Economia

Gli Usa "sorpassano" la Bce sulla ripresa del post-Covid

Nei verbali della Fed spunta il ritiro degli aiuti, mentre l'Eurotower studia di potenziare il bazooka

Gli Usa "sorpassano" la Bce sulla ripresa del post-Covid

Wall Street non ha preso paura neppure davanti alle scene del Congresso Usa trasformato in un bivacco di manipoli, ma forse dovrebbe cominciare a preoccuparsi almeno un po' per quello che bolle in pentola alla Federal Reserve. I verbali della riunione di dicembre, passati sotto traccia, rappresentano un punto di svolta fra ciò che è stato finora e ciò che sarà in un futuro non troppo lontano. Quando, archiviato l'armamentario dell'emergenza, la banca centrale guidata da Jerome Powell (in foto) darà il via a un primo, seppur parziale, processo di normalizzazione della politica monetaria. Già ora, peraltro, quelle minute segnalano una divaricazione in fieri rispetto alla road map della Bce guidata da Christine Lagarde.
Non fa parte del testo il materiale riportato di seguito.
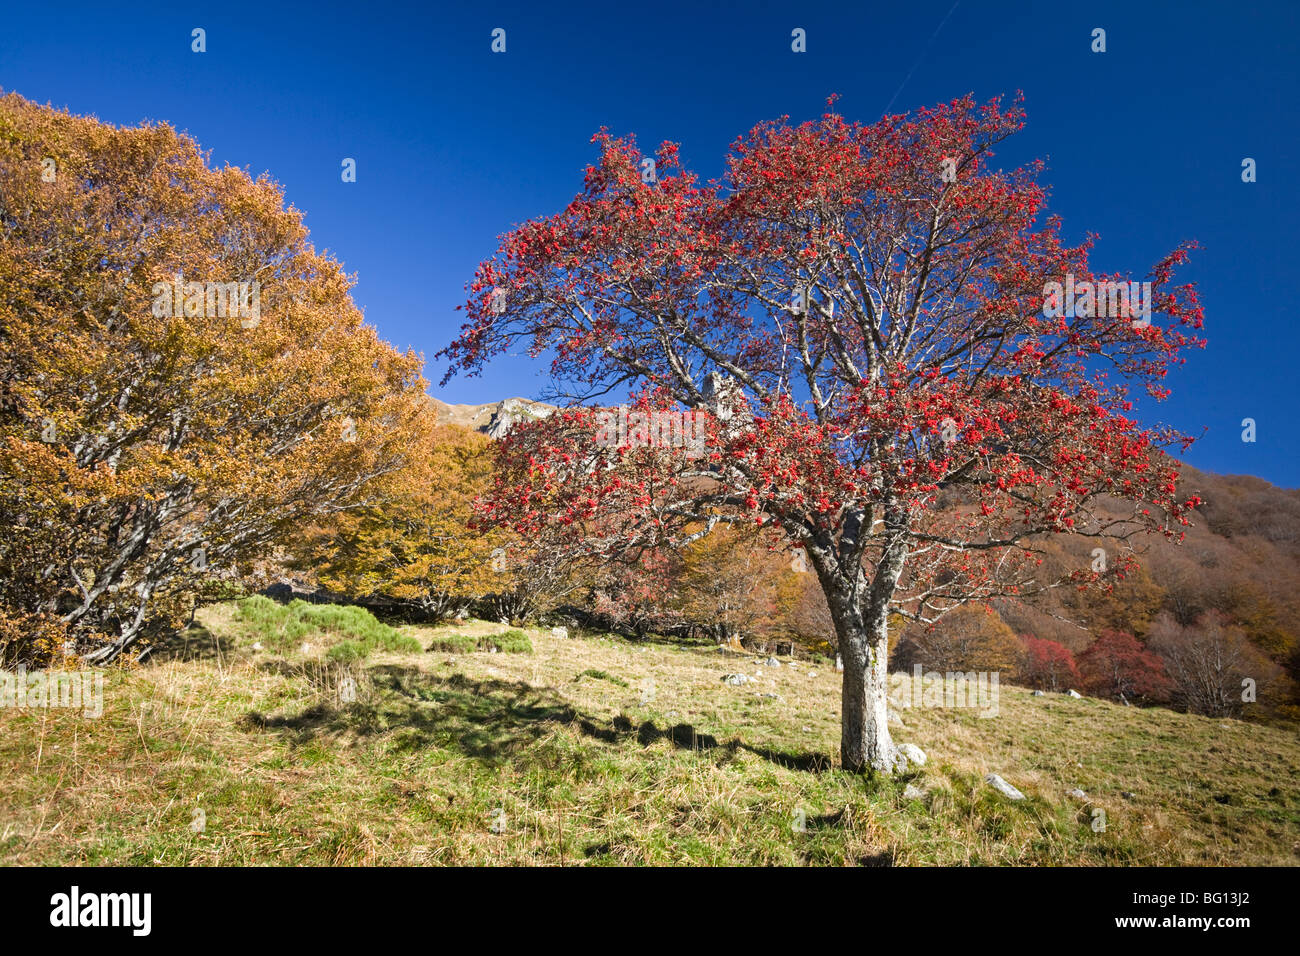 In Autumn, an European Rowan (Sorbus aucuparia) in the Chaudefour valley. Sorbier dans la vallée de Chaudefour, en automne. Stock Photo

A Francoforte, infatti, si ragiona ancora in termini di maggiore sostegno all'economia, come ribadito nell'ultimo Bollettino. Al punto che, nei prossimi mesi, non è da escludere un ulteriore aumento della potenza di fuoco del Pepp (il piano d'acquisti contro la pandemia), oggi pari a 1.850 miliardi di euro. Soprattutto se il varo del Recovery Fund subirà ritardi e se la campagna vaccinale non avrà ancora assicurato la necessaria immunità di gregge.

Senza più Donald Trump a soffiarle sul collo, adesso la Fed ha le mani libere. E, infatti, nel documento dicembrino riecheggia dopo anni il termine «tapering». Il passaggio-chiave è questo: «Alcuni partecipanti (alla riunione, ndr) hanno notato che potrebbe iniziare una graduale riduzione degli acquisti». Il ritorno al passato sarebbe agevolato dalla «resilienza dell'economia», da una ripresa «più forte del previsto» e da indicazioni di un potenziale «maggiore slancio dell'attività economica rispetto a quanto si pensasse in precedenza». Powell sa inoltre di poter contare sullo sforzo finanziario che il neo-eletto presidente Joe Biden intende profondere per rimettere l'economia sui binari della ripresa. L'avversario di The Donald scoprirà giovedì prossimo le carte del suo piano fiscale, ma già ha promesso uno stimolo da «diversi trilioni di dollari». La sponda della Casa Bianca permetterà a Eccles Building di far le cose con calma e di comunicare ai mercati in modo chiaro come e quando intende muoversi. L'imperativo è uno solo: evitare di ripetere l'errore commesso nel 2013 dall'allora numero uno, Ben Bernanke, che a sorpresa decretò la fine del terzo round di quantitative easing da 85 miliardi mensili, provocando il crollo delle Borse e dei rendimenti dei Treasury.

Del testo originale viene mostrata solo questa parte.